ACTIVITY:
In the entries that follow, the lines from the line containing "Dex multi pattern" up to and including the line containing "Film clipart filmmaking." must be copied exactly, with pictures omitted.

EXTRACTED ENTRIES:
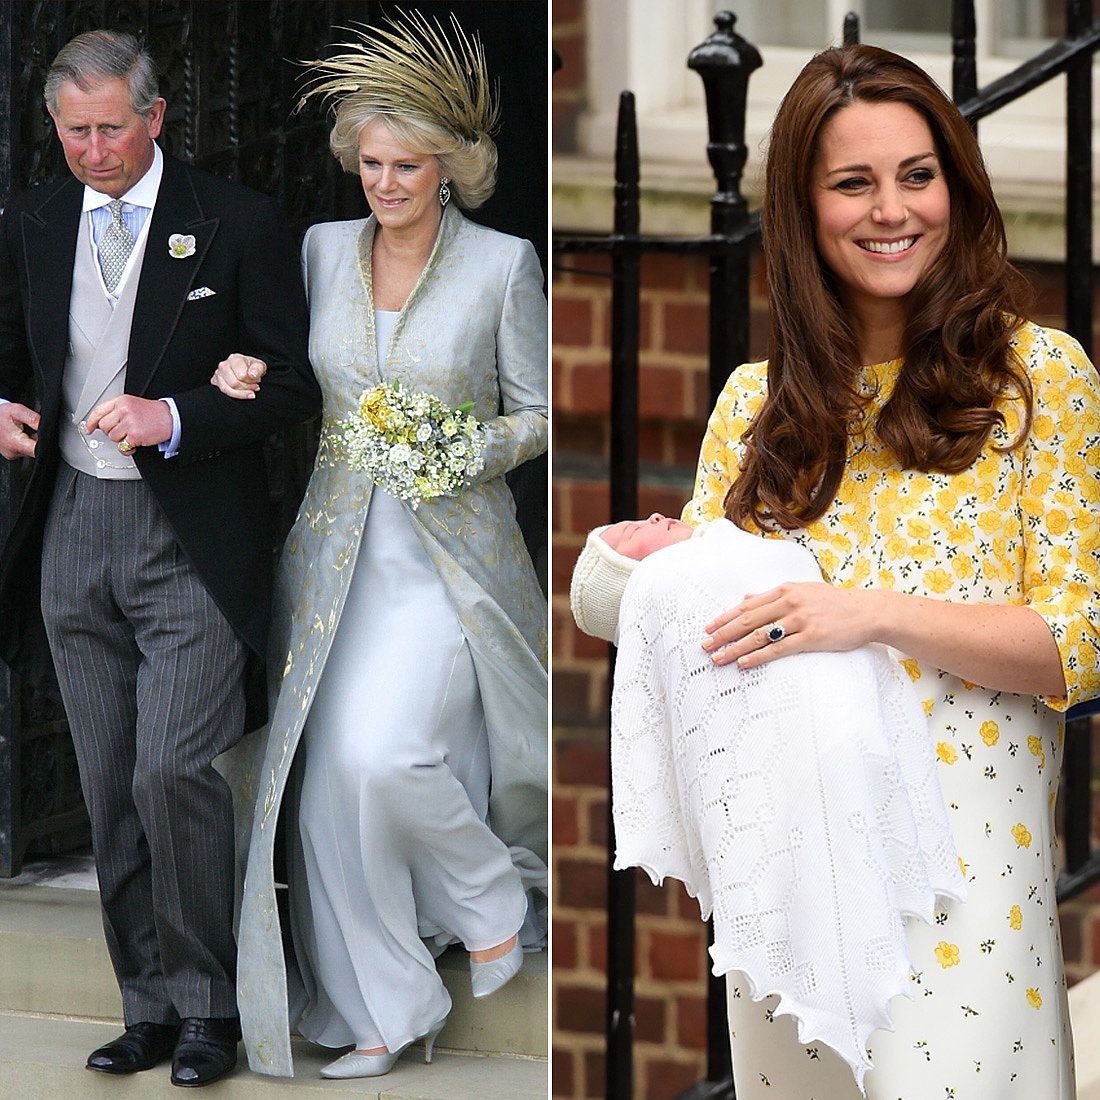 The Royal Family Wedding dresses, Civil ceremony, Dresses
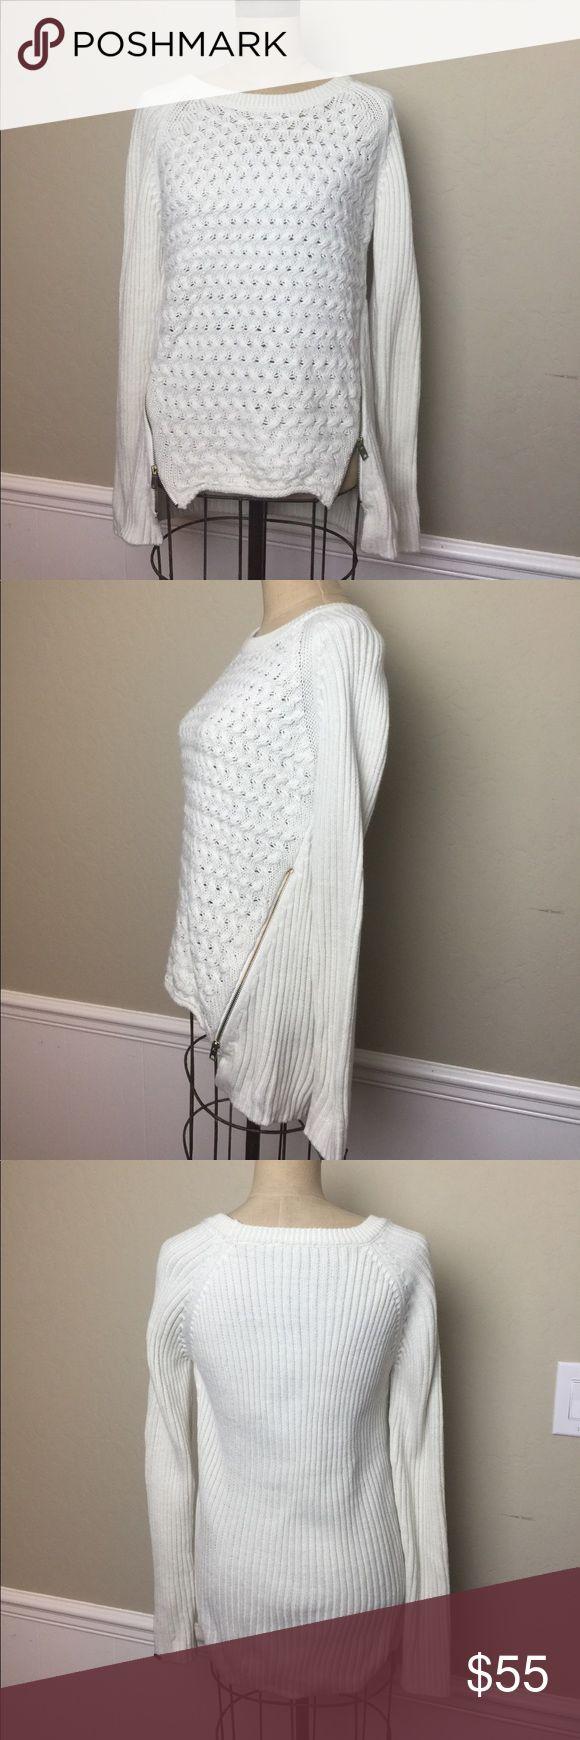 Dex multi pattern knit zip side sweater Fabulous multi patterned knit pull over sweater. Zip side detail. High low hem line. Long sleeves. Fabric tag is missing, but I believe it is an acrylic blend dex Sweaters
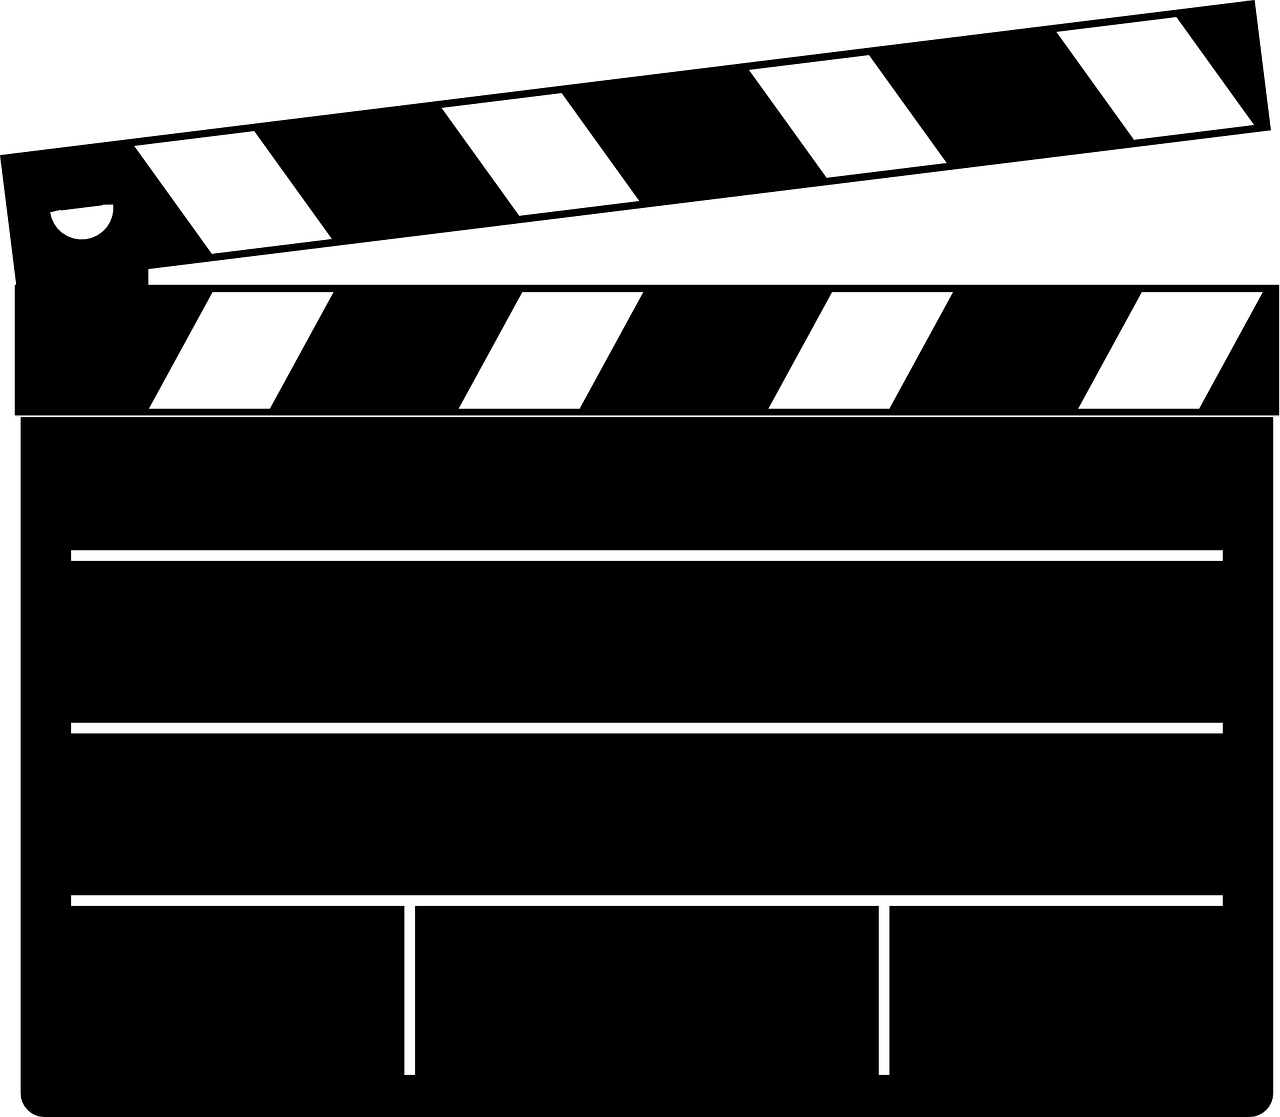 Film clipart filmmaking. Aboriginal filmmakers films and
--
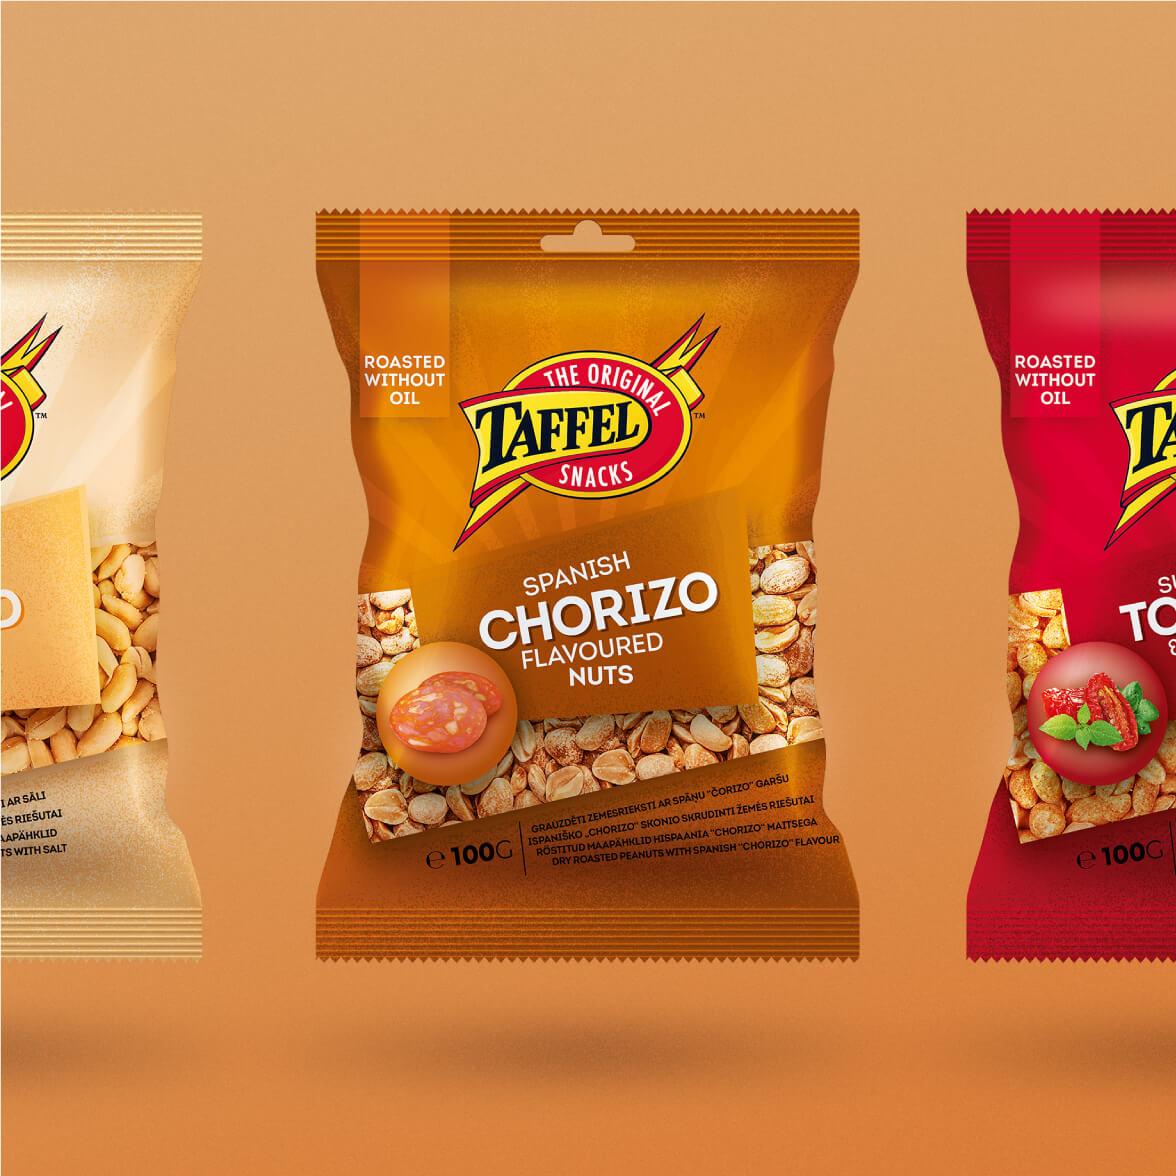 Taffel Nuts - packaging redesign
* * *
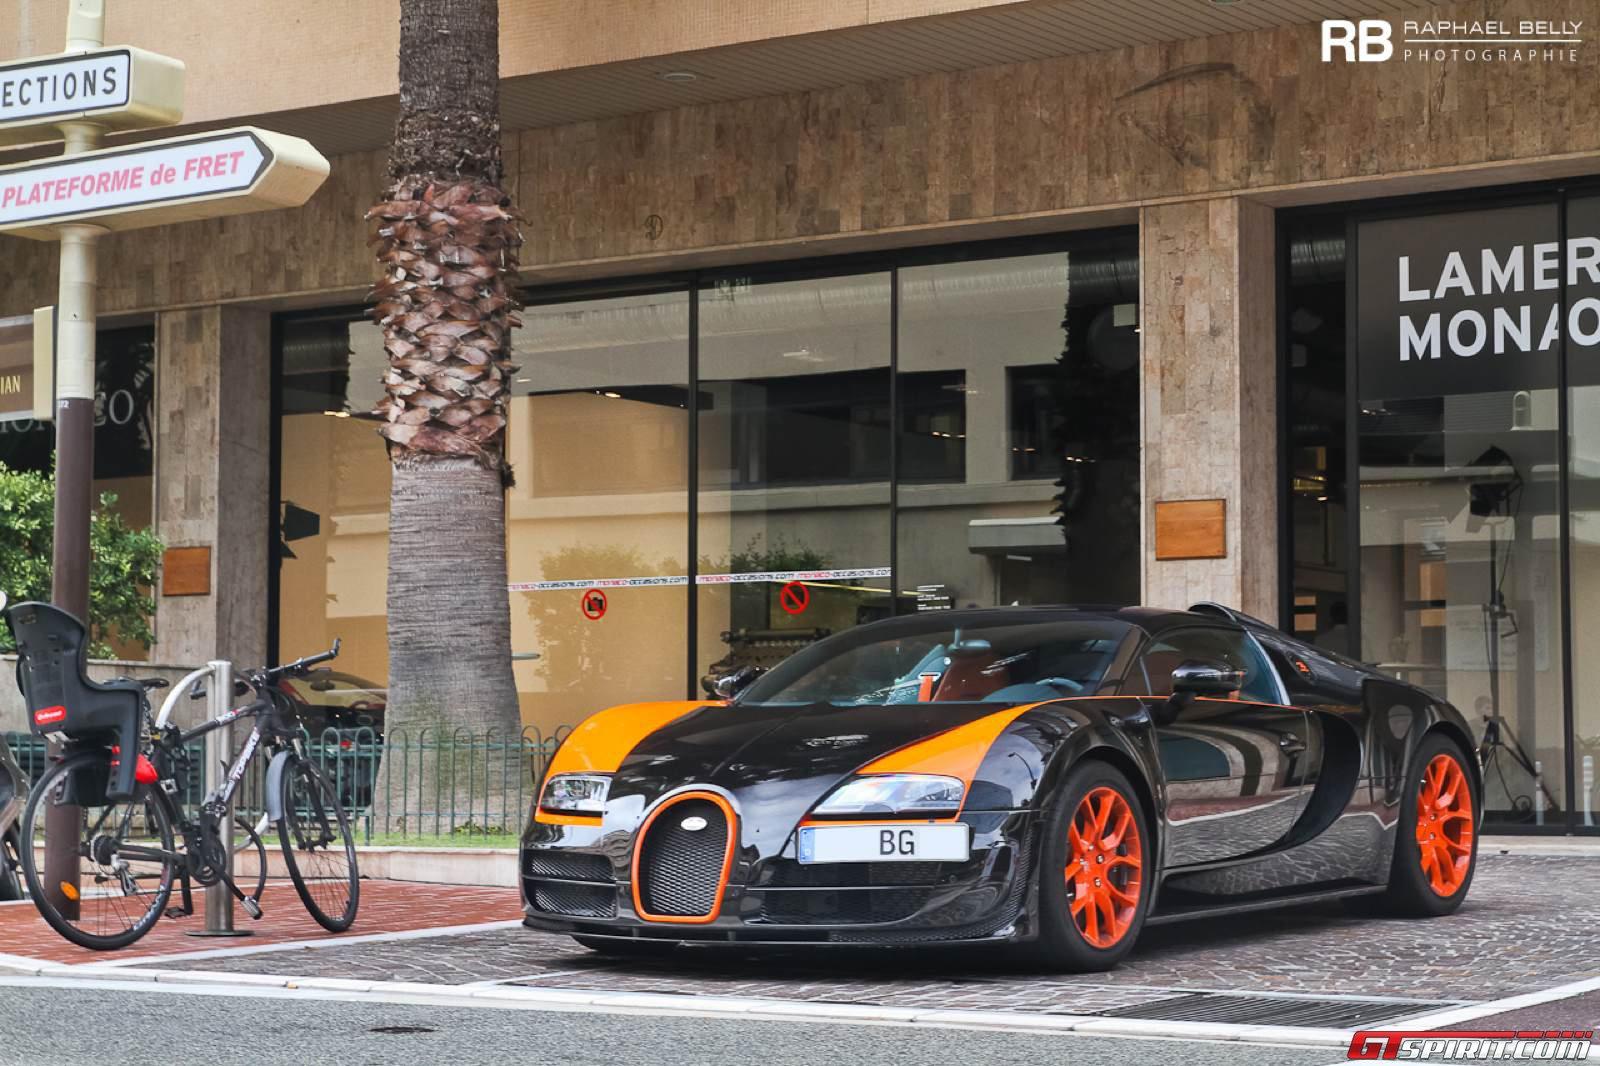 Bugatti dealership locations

RESULT:
 Dex multi pattern knit zip side sweater Fabulous multi patterned knit pull over sweater. Zip side detail. High low hem line. Long sleeves. Fabric tag is missing, but I believe it is an acrylic blend dex Sweaters
 Film clipart filmmaking. Aboriginal filmmakers films and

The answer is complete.